Showing papers by "Patricio Cortes published in 2013"

New modulation and control scheme for phase-modular isolated matrix-type three-phase AC/DC converter

Abstract: A phase-modular isolated three-phase AC/DC converter topology and its modulation and control scheme is proposed. The topology, denominated as IMY-Rectifier, is based on a star connection of single-phase mains frequency to high frequency AC/AC matrix converters at the input, feeding high-frequency isolation transformers. The transformer secondary windings are connected in series to the input of a diode rectifier with LC output filter. The converter provides a controlled output voltage and sinusoidal input currents in phase with the mains voltages. A description of the converter, its operating principle and an analytical calculation of the component stresses is presented.
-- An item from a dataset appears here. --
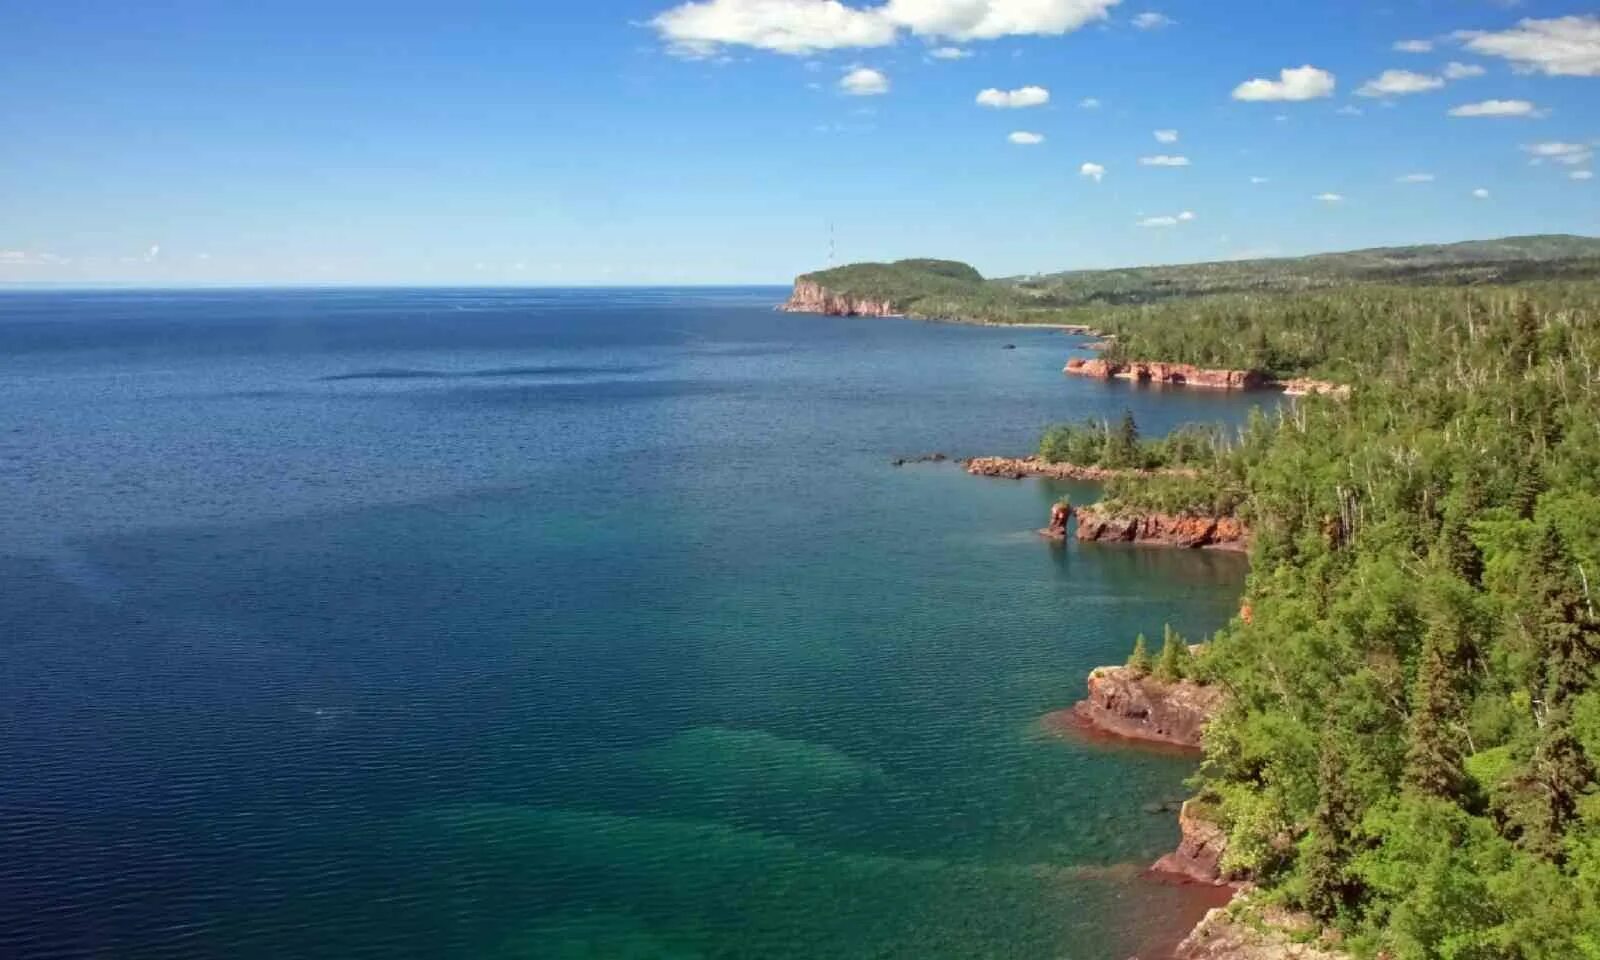 Какие озера входят в великие американские озера. Верхнее (Lake Superior) — озеро. Озеро Гурон Северная Америка. Великие американские озёра верхнее Гурон Мичиган Эри Онтарио. Озеро Супериор США.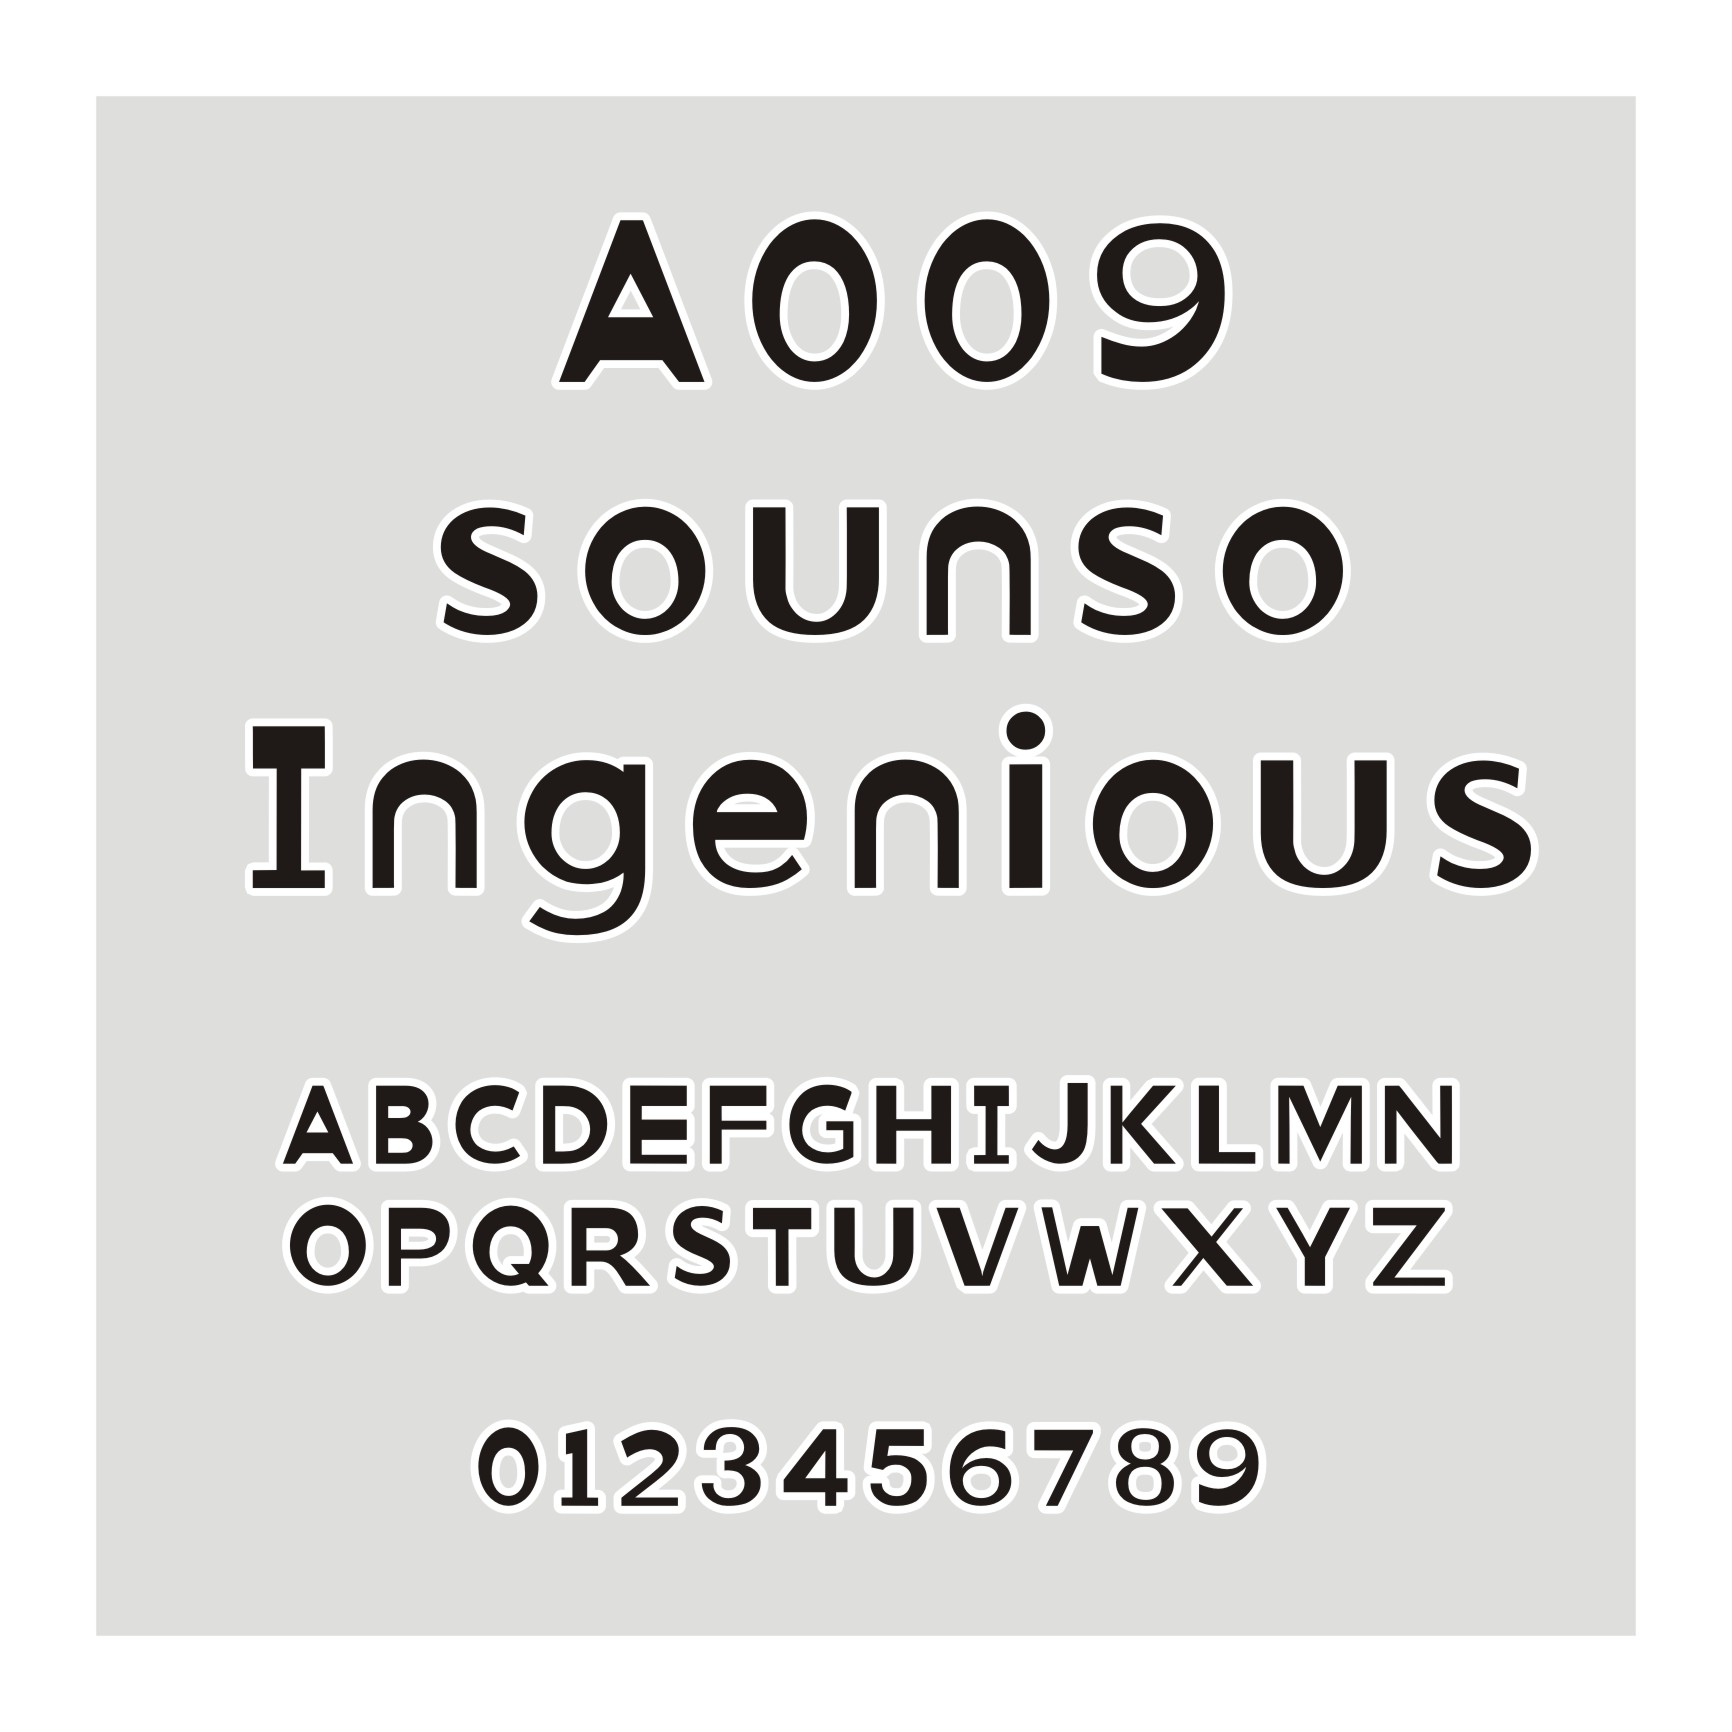 009-sounso Ingenious

Phase-oriented control of a modular 3-Phase 3-level 4-leg inverter AC power source supplying floating or grounded loads

Abstract: A control scheme for a high-performance three-phase AC power source is presented. The four-leg inverter output stage uses three bridge legs to generate the phase output voltages with reference to the neutral point potential, which is defined by the fourth bridge leg. The inverter is controlled using a phase-oriented control in order to achieve precise control of each output phase with unbalanced voltages and any kind of load. The neutral potential is controlled for maximum modulation range in case of floating load and controlled to zero for grounded load. The control scheme for the input PWM rectifier stage considers the control of the zero sequence voltage in order to prevent the appearance of circulating currents through the ground loop when the load star point is connected to ground. The control of the circulating currents also allows the safe parallel connection of two or more AC sources. Simulation results under balanced and unbalanced conditions demonstrate the performance of the AC source in terms of output voltage control and prevention of circulating ground currents.

Swiss rectifier output voltage control with inner loop power flow programming (PFP)

Abstract: A novel control scheme is proposed for a three-phase buck-type SWISS rectifier. This control is based on an inner loop power flow programming that provides a well damped behavior of the output filter and decoupled input filter and converter dynamics. A DC/DC equivalent circuit of the SWISS rectifier is used for the analysis and evaluation of different control concepts for the switching stage of the converter. By using different feedforward loops for the calculation of the duty cycles the behavior of the converter can be modified to suit a desired characteristic. In this way, the converter can be programmed for constant voltage transfer ratio, constant output voltage, constant power transfer or other input/output relations. A comparative evaluation of different inner loop control schemes is presented. The control schemes are compared analytically using small-signal linear models. The comparison considers the dynamic behavior as well as the decoupling of the input and output variables. Simulation results using the DC/DC equivalent circuit model and the actual three-phase SWISS rectifier are presented. According to the results, the PFP control achieves an improved behavior of the converter in terms of damping of the resonances and decoupling of the input and output variables, compared to the other control schemes.